I have also massively re-worked how per-trigger logging works to greatly simplify it. I hope @dstandish will approve.
The main way it has been simplified is with the switch to TaskSDK then all (100%! Really) of logs are set as JSON over a socket to the parent process; everything in the subprocess logs to this output, there is no differentiation needed in stdlib, no custom handlers etc. and by making use of structlog's automatic context vars we can include a trigger_id field -- if we find that we route the output to the right trigger specific log file.

This is all now so much simpler with structlog in the mix.

Logging from the async process works as follows:

stdlib logging is configured to send messages via struct log as json
As part of the stdlib->structlog processing change we include structlog bound contextvars
When a triggerer coro starts it binds trigger_id as a paramter
When the Supervisor receives a log message (which happens as LD JSON over a dedicated socket channel) it parses the JSON, and if it finds trigger_id key in there it redirects it to the trigger file log, else prints it.

Of note: I haven't allowed triggers to directly access or set Xcom, Variables etc. We can add that in future if there is demand.

Testing:

I created a simple test dag:

from datetime import timedelta

from airflow import DAG
from airflow.providers.standard.sensors.time_delta import WaitSensor


with DAG("trigger_test"):
    WaitSensor(task_id="waiter", time_to_wait=timedelta(seconds=90), deferrable=True)

And fired things up in breeze start-airflow

And we can see that the trigger runs and we get logs from the triggerer in the output (The ordering of logs isn't correct, but that is a separate issue)

^ Add meaningful description above
Read the Pull Request Guidelines for more information.
In case of fundamental code changes, an Airflow Improvement Proposal (AIP) is needed.
In case of a new dependency, check compliance with the ASF 3rd Party License Policy.
In case of backwards incompatible changes please leave a note in a newsfragment file, named {pr_number}.significant.rst or {issue_number}.significant.rst, in newsfragments.

ashb · 2025-02-12T16:35:03Z

I need to re-examing logs to make sure they still get routed to the right place, and fix all the tests

airflow/jobs/triggerer_job_runner.py

tests/jobs/test_triggerer_job.py

airflow/utils/log/trigger_handler.py

amoghrajesh

Looks good overall, just few comments/qns

airflow/executors/workloads.py

airflow/models/trigger.py

task_sdk/src/airflow/sdk/api/client.py

airflow/jobs/triggerer_job_runner.py

amoghrajesh

Thanks for addressing my comments, LGTM +1.
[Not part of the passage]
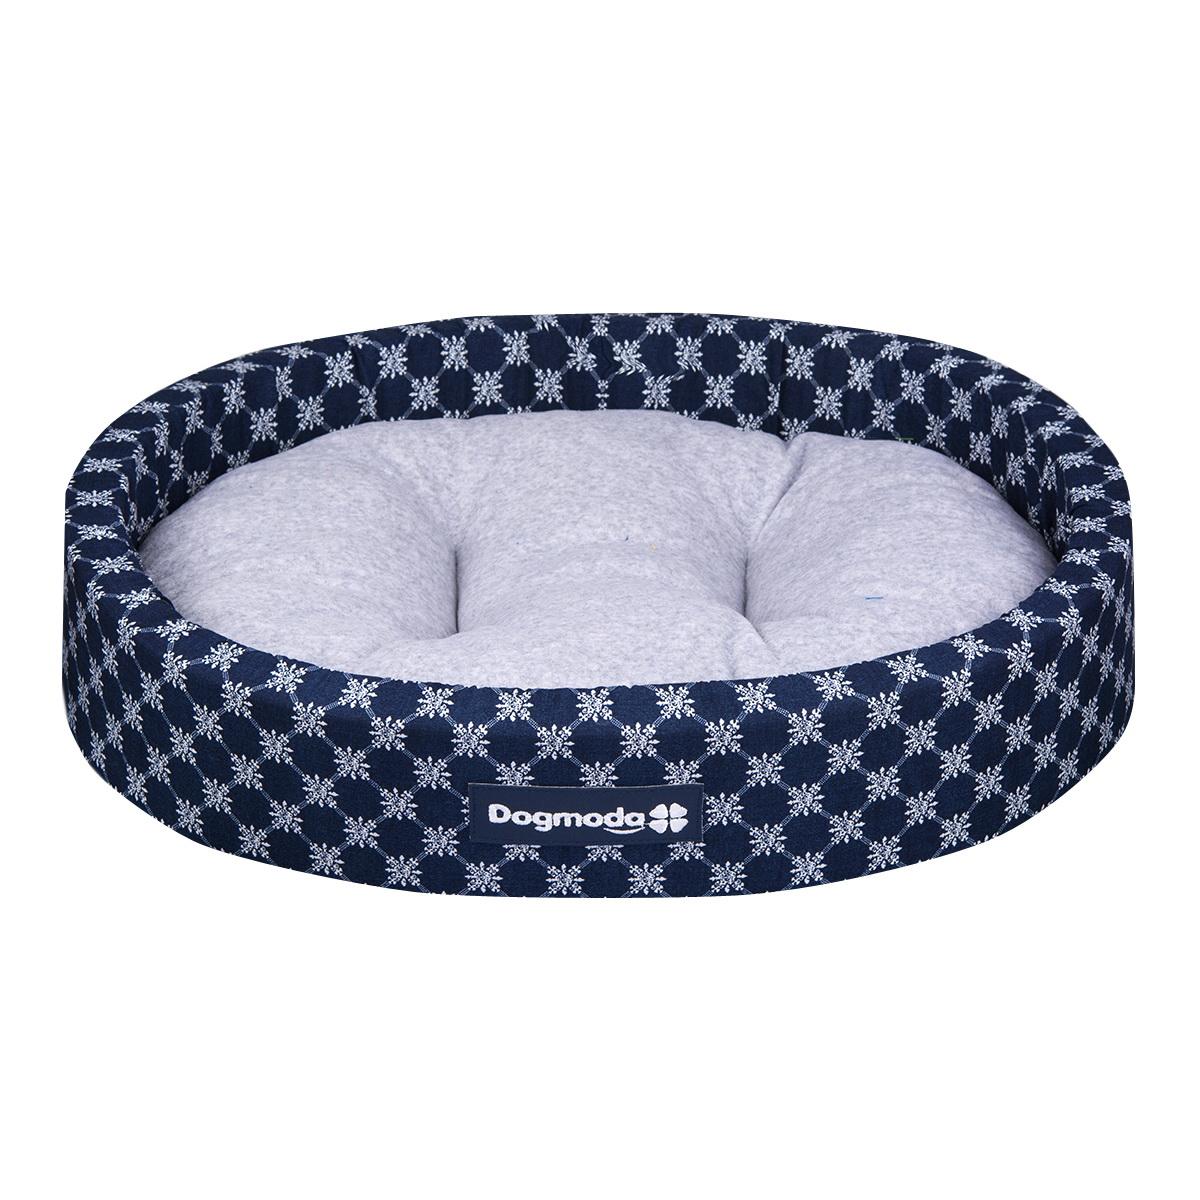 Лежак для животных Dogmoda Сезон, цвет: синий, серый, 50 х 44 х 12 см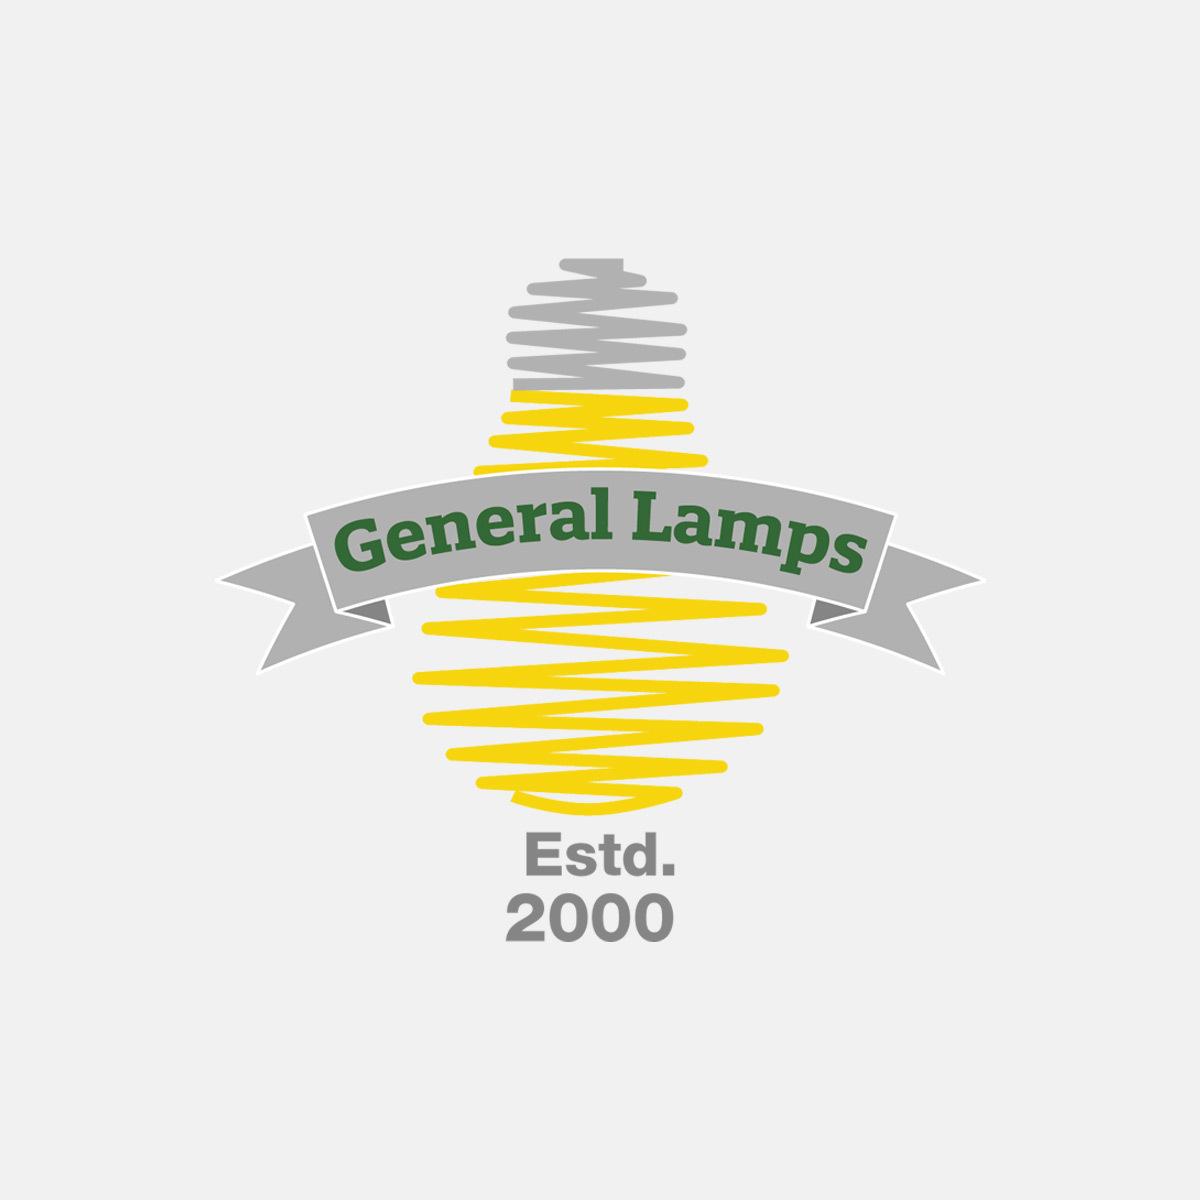 Theatre Lamp T27 T26 GCS 240V 650W GY9.5

Lets get this one in, we might discover issues while testing and we can fix those as they come.

vincbeck

Looks good! Massive refactoring on the triggerer side! I'd wait for more reviews given the size of the PR but I could not find anything outstanding :)

airflow/jobs/triggerer_job_runner.py

@dstandish

… access This uses a similar approach to the DAG Parser -- the subprocess runs the async Triggers (i.e. user code) in a process and sends messages back and forth to the supervisor/parent to perform CRUD operations on the DB. I have also massively re-worked how per-trigger logging works to greatly simplify it. I hope @dstandish will approve. The main way it has been simplified is with the switch to TaskSDK then all (100%! Really) of logs are set as JSON over a socket to the parent process; everything in the subprocess logs to this output, there is no differentiation needed in stdlib, no custom handlers etc. and by making use of structlog's automatic context vars we can include a trigger_id field -- if we find that we route the output to the right trigger specific log file. This is all now so much simpler with structlog in the mix. Logging from the async process works as follows: - stdlib logging is configured to send messages via struct log as json - As part of the stdlib->structlog processing change we include structlog bound contextvars - When a triggerer coro starts it binds trigger_id as a paramter - When the Supervisor receives a log message (which happens as LD JSON over a dedicated socket channel) it parses the JSON, and if it finds trigger_id key in there it redirects it to the trigger file log, else prints it.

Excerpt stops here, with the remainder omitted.